In the Senate, Republicans are well aware that their party is confronted with the music. Following pleas from Senator Bill Cassidy, the chairman of the House Committee on Health, his caucus met with Democrats on Monday to discuss a path forward for the long-term reforms he and conservatives want to make to the Affordable Care Act, as well as the immediate danger posed by the loss of federal premium subsidies in January.

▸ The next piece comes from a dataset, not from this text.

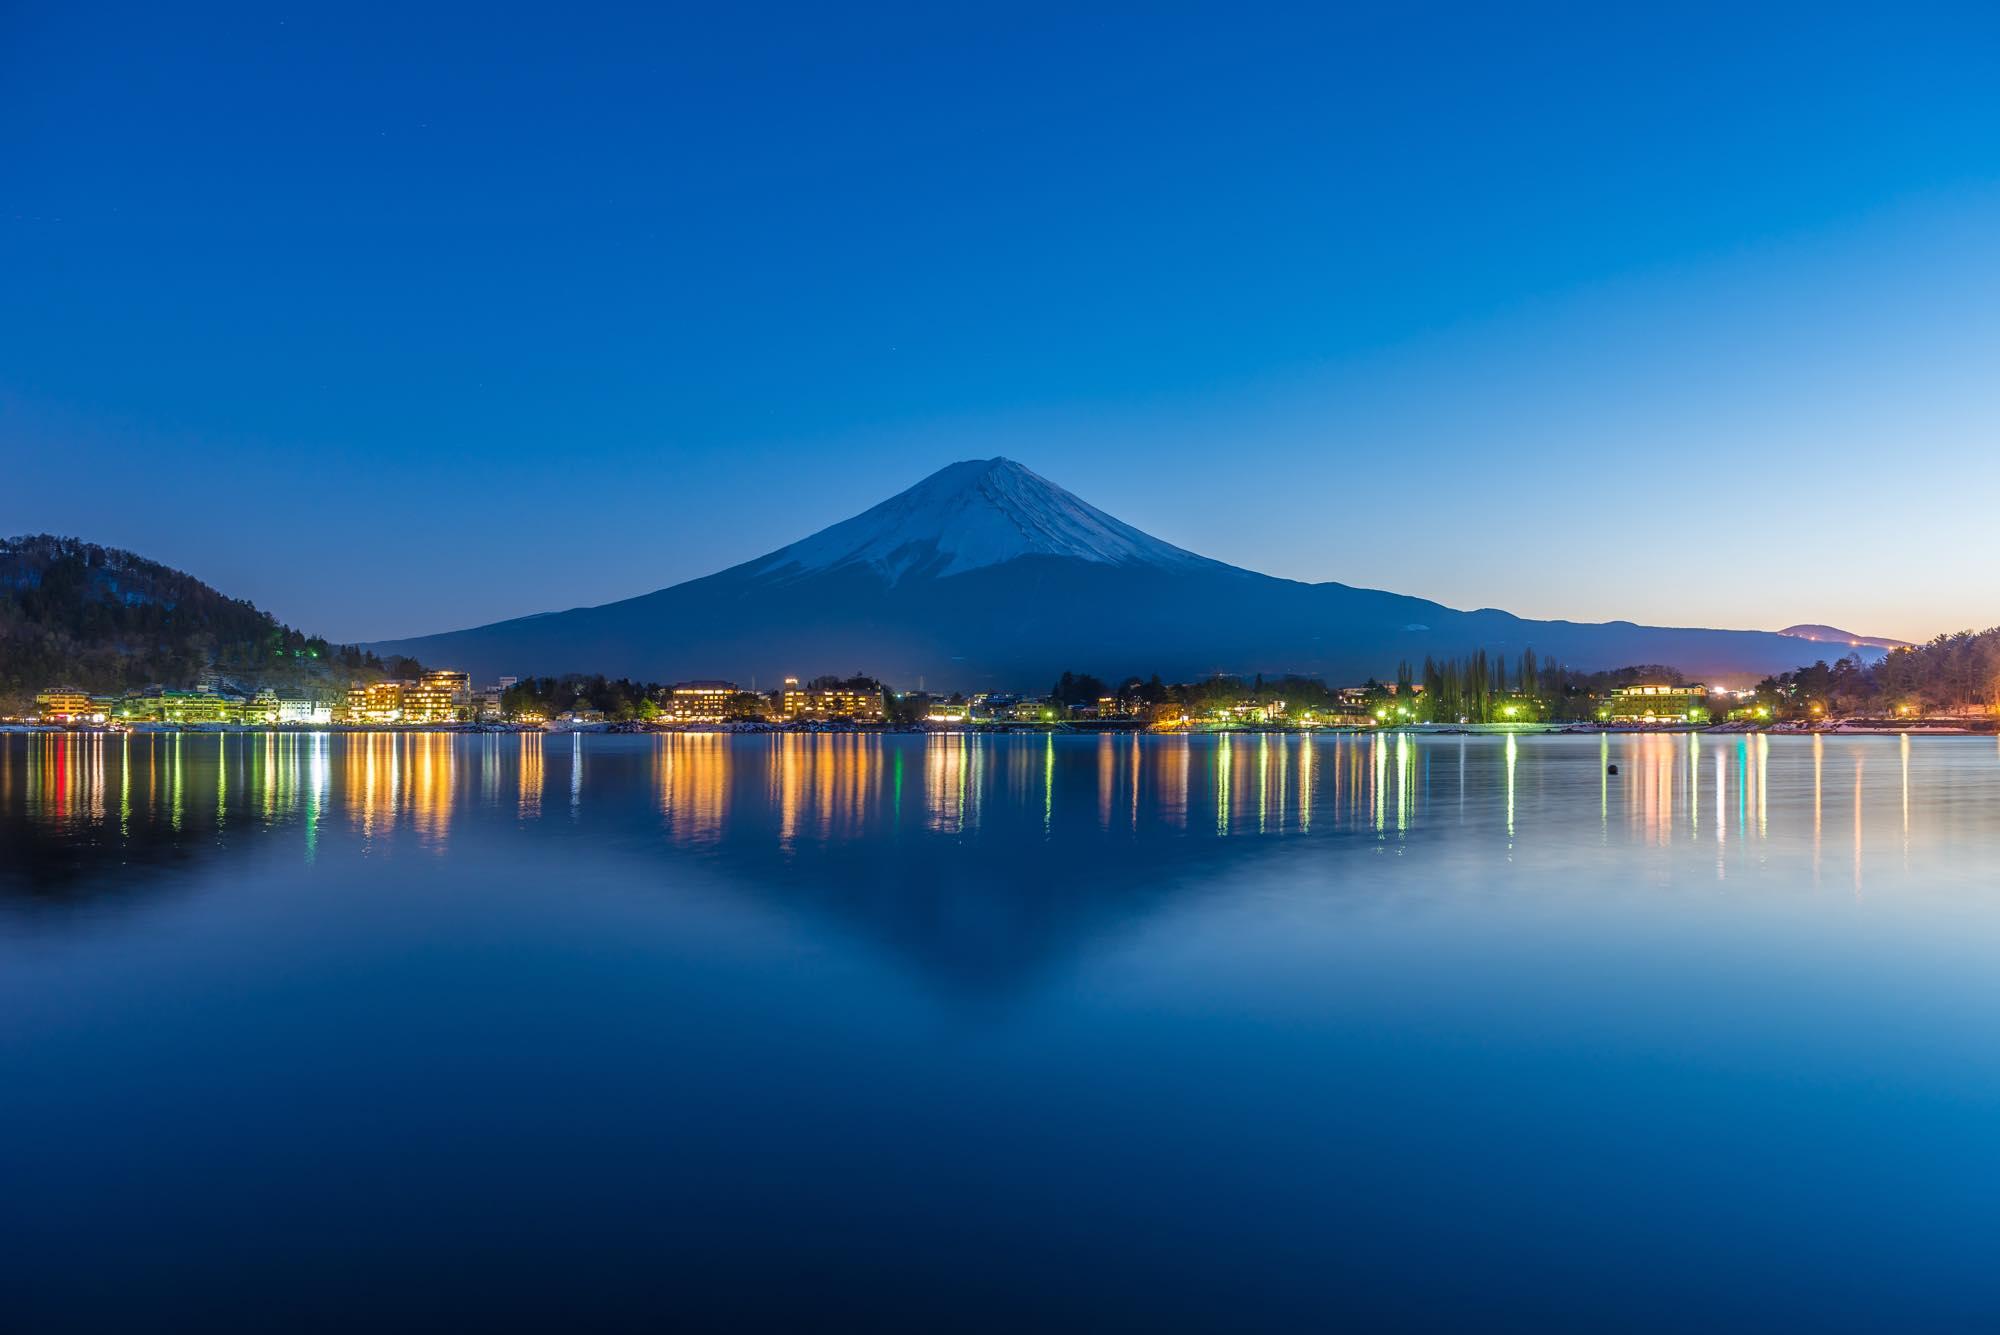 富士山の撮影スポットまとめ。富士山撮影は写真家を惹きつける魅力でいっぱい!

There are no signs yet that a plan is emerging that could surpass the Senate’s 60-vote filibuster threshold, but the meeting is a sign that the party is taking the severity of the looming premium spikes seriously. Cassidy indicated over the weekend that he would support a short-term compromise bill that would extend subsidies if Democrats were willing to discuss and vote for other reforms to the Obamacare program. His bill with Sen. Mike Crapo failed to pass the filibuster threshold after being called for a vote last week alongside a Democratic-backed plan to extend the subsidies for three years.
‘I would be willing to extend the premium tax credit in the short term for people with higher premiums, if they are willing to admit that we have to do something for the $6,000 out of pocket. [deductibles]Cassidy told CBS News on Sunday. “I think there’s a deal to be made here. We must push for that deal.”
However, liberal members of the Democratic caucus were skeptical that the talks would lead to the Republican Party making significant reforms. Democratic lawmakers and staffers who spoke The independent noted that Republicans are still working on a new amendment for restrictions on health savings accounts.
Sen. Ed Markey, a Massachusetts progressive facing a primary challenge from Rep. Seth Moulton, dismissed his Republican colleagues as not serious as a party and said the GOP simply couldn’t agree on a common platform.
“The last fifteen years are very predictive in terms of their inability to put together a comprehensive Republican health care substitute and are very predictive of where they are today,” Markey said.
“They haven’t shown up in 15 years. They don’t show up today, and there’s no way I can trust them to be anything other than the hypocritical crocodile shedding – the crocodile shedding party that they’ve had in health care, which really goes back to Social Security.”
His colleague, Senator Adam Schiff, added The independent: “They’ve never had more than drafts of a health care plan, and the reality is that it’s just not a priority for them.”

Speaker Mike Johnson’s caucus in the House of Representatives is a different story. The Republican chairman is convinced that the House will not vote on expanded subsidies at all, regardless of whether the Senate passes a compromise bill or not. However, the Senate has shown a willingness to ignore Johnson’s statements, recently refusing to amend a bill aimed at forcing the release of the Jeffrey Epstein files after the leader of the House of Representatives called on the chamber to do so.
Even more than in the Senate, however, Johnson faces the likelihood that a sudden end to federal subsidies (without a solution implemented) could wipe out his members in blue-red districts next fall.
Johnson was sharply criticized Tuesday by one of those frontline members, Rep. Mike Lawler.
“It’s crazy,” Lawler, a Republican from New York, told reporters about Johnson’s refusal to allow votes on possible compromises with Democrats. “I’m angry at the American people. This is absolute bulls***.”
Overall, a congressional Republican Party that has worked with the White House all year is now rudderless. And a president who won office through political infamy, in part by capitalizing on American anger over affordability, appears completely oblivious to the urgency his allies feel in the face of a financial crisis impacting millions of voters at the start of an election year.